La casa de los abuelos era oscura. Oscura y fría, no fresca,
fría.
O al menos eso me parecía a mí, además era silenciosa… y
oscura y fría.
Mi madre se zafaba de mí unos días en verano, con el pretexto
de que me sentaría divinamente el aire del pueblo.
Mis llantos inconsolables conmovían al cielo, pero no a mi madre, así solo me quedaba contar los días para la vuelta.

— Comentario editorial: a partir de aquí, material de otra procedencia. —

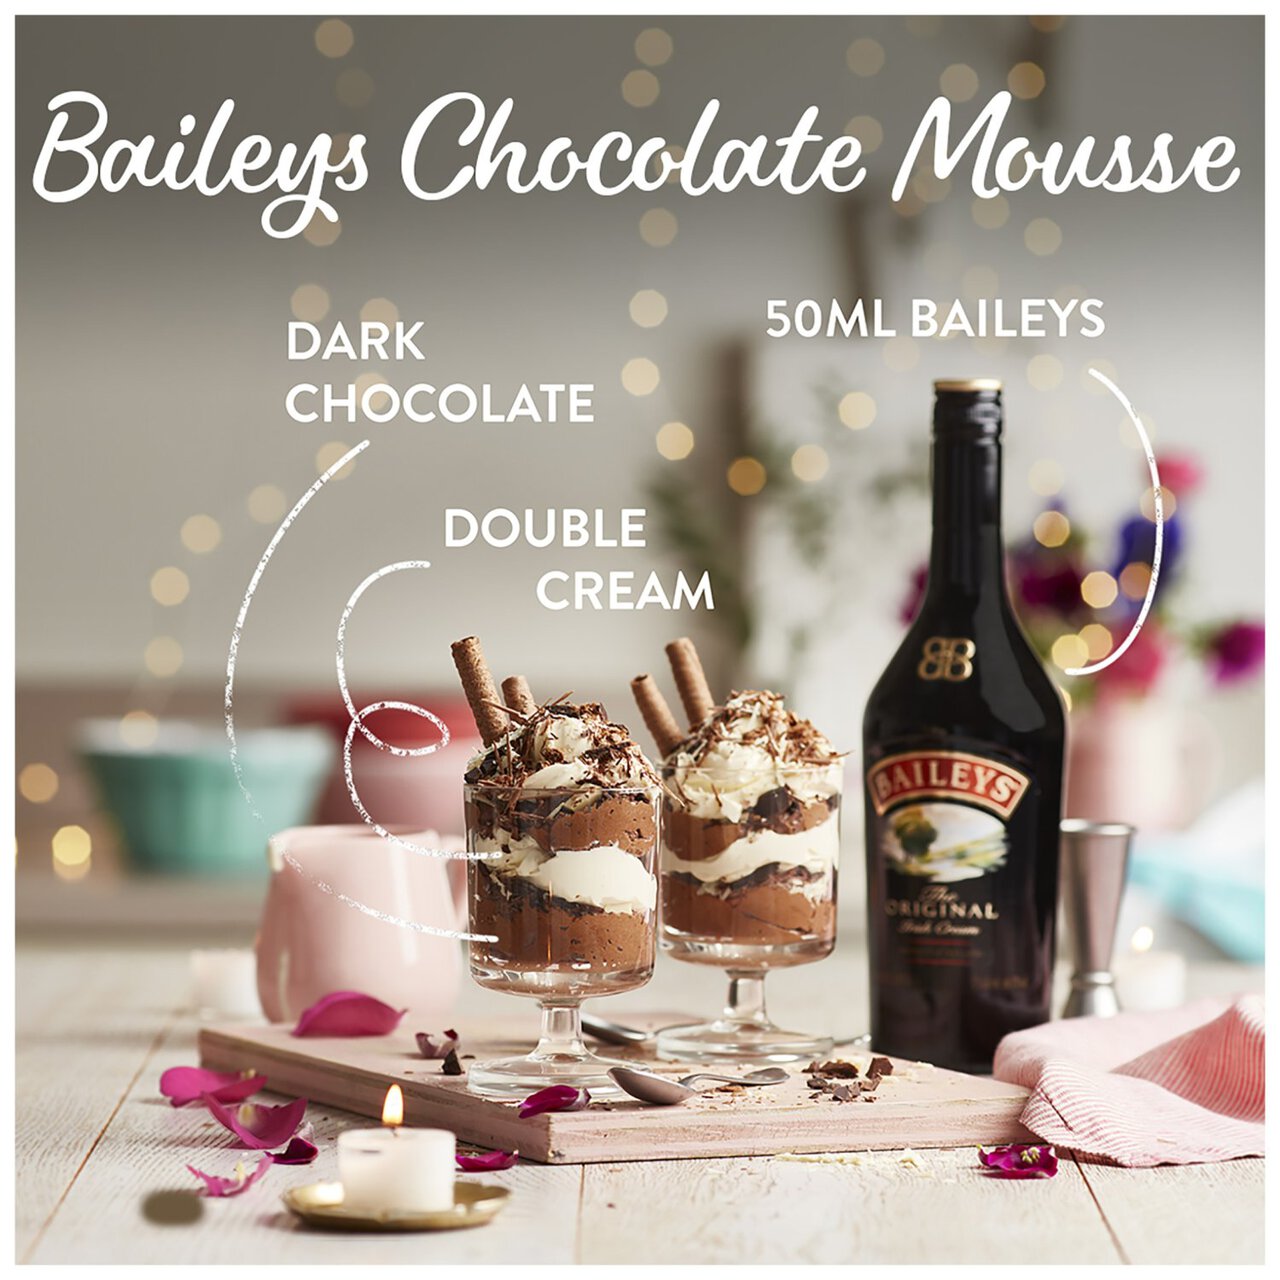 Baileys Original Irish Cream Liqueur 1l
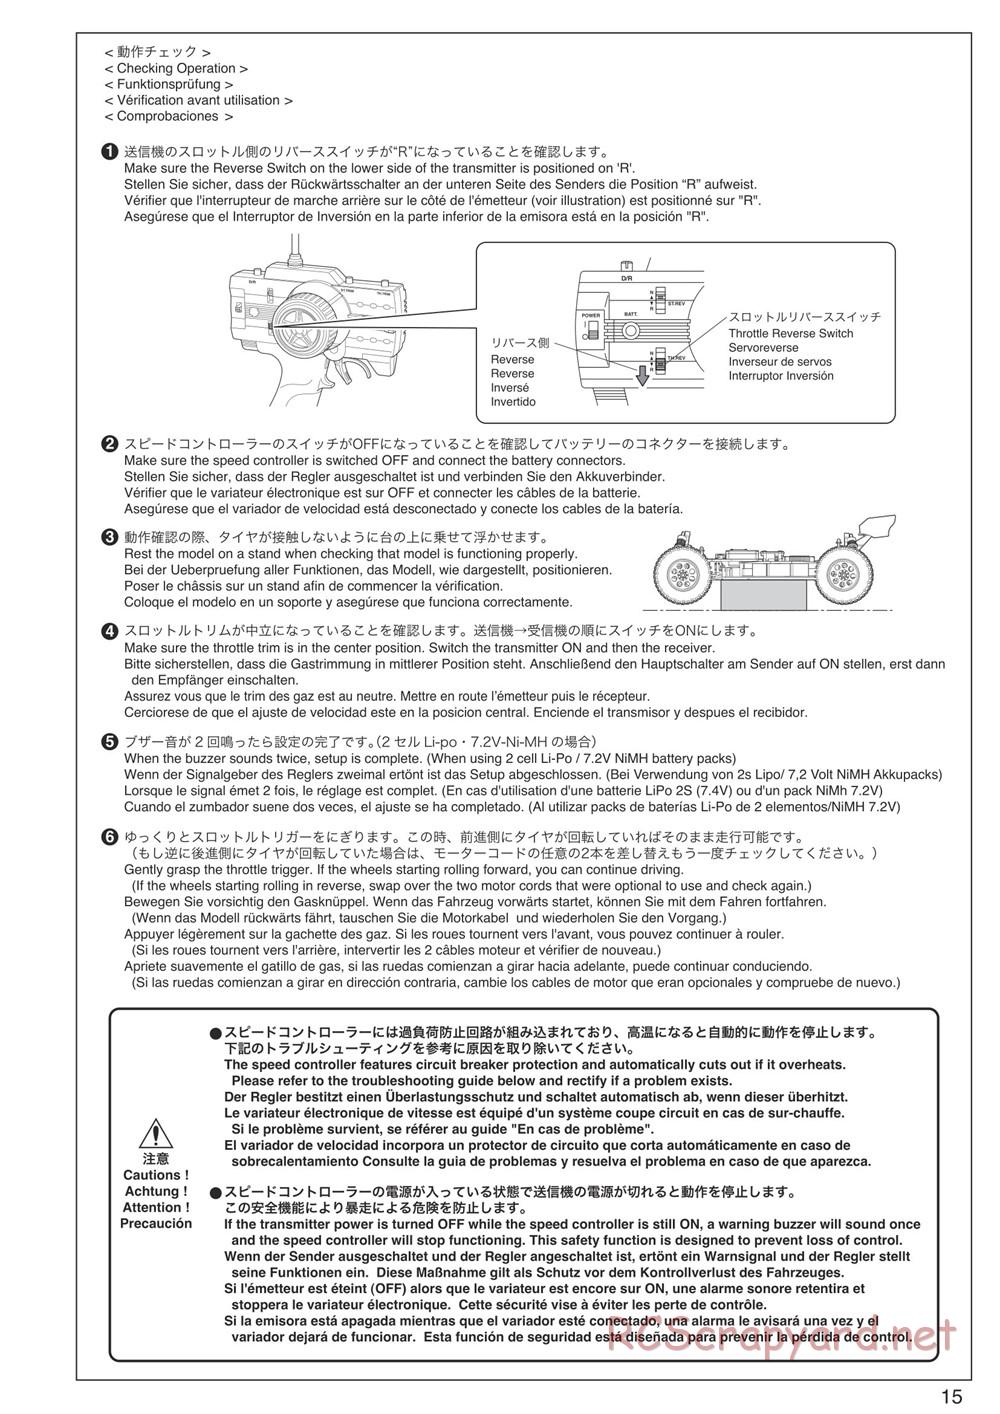 Kyosho - DBX-VE - Manual - Page 15

Una tarde de febrero mamá me contó que el abuelo se había
ido al cielo, con las nubes, los ángeles y esas cosas que se supone que hay en
el cielo.
Pensé, en mi ingenuidad, que eso terminaría con mis “vacaciones
rurales” pero no, el julio siguiente volvió a la carga, así que, resignada me
preparé para la partida.
Desde la puerta ya noté algo raro, olía a bizcocho ¡vaya
sorpresa!
Pero no era el único cambio, la abuela salió a darme un
abrazo y llevaba un vestido nuevo…como lo oyen… nueeeevo.
Desde entonces pude jugar al balón en el patio, invitar a
mis amigos a merendar, incluso ir a la poza en bici.
Seguro que el abuelo era un buen hombre, seguro que hizo muy feliz a la abuela y
posiblemente me quería a su manera. O no.